Leetcode 1861: Rotating the Box
You are given an m x n matrix of characters
box, where each cell is a stone (#), a stationary obstacle (*), or an empty space (.). After rotating the box 90 degrees clockwise, gravity will cause stones to fall down until they land on an obstacle, another stone, or the bottom. Return the updated matrix after the stones have fallen.Problem
Approach
Steps
Complexity
Input: The input is an m x n matrix of characters where each cell can either be a stone (`#`), a stationary obstacle (`*`), or an empty space (`.`).
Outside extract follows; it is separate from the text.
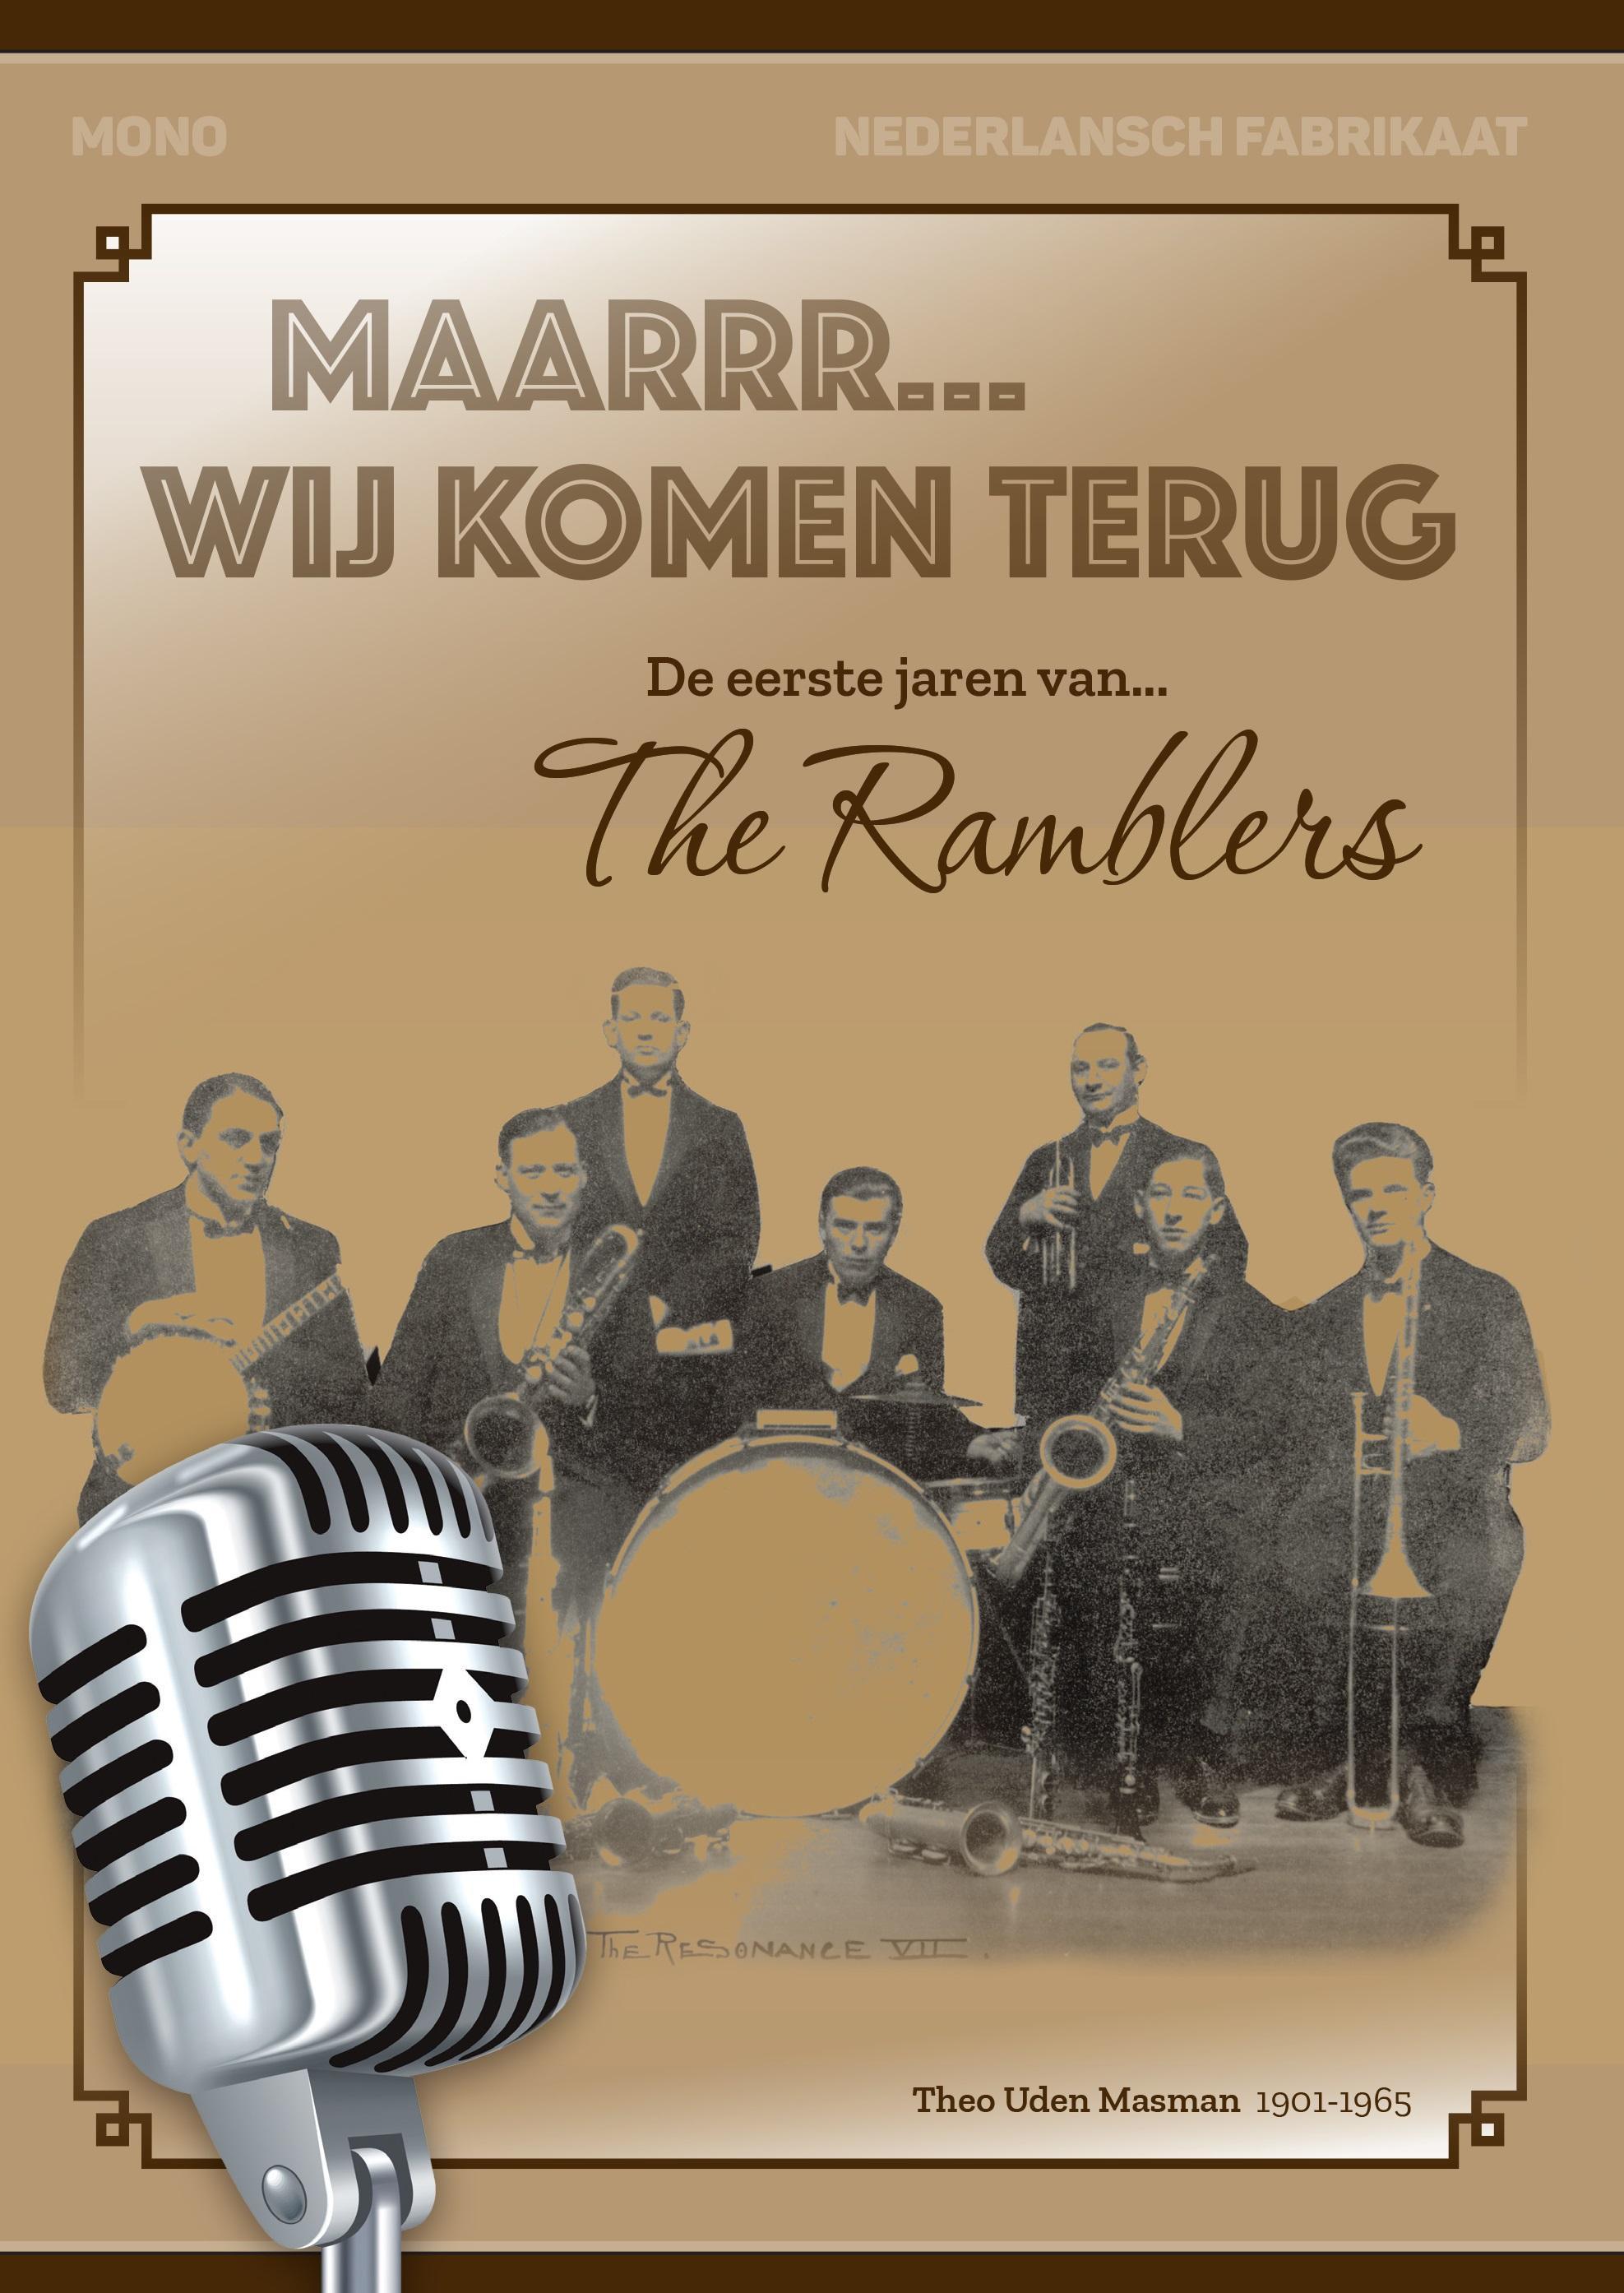 Boek over de eerste jaren van the Ramblers

Example: box = [[# , ., *], [#, *, #]]
Constraints:
• 1 <= m, n <= 500
• Each box[i][j] is either '#', '*', or '.'
Output: The output is the updated matrix representing the box after the stones have fallen due to gravity, while obstacles remain stationary.
Example: Output = [[#, .], [#, #], [*, *], [., .]]
Constraints:
• The output is an m x n matrix of characters, representing the new arrangement after the stones have fallen.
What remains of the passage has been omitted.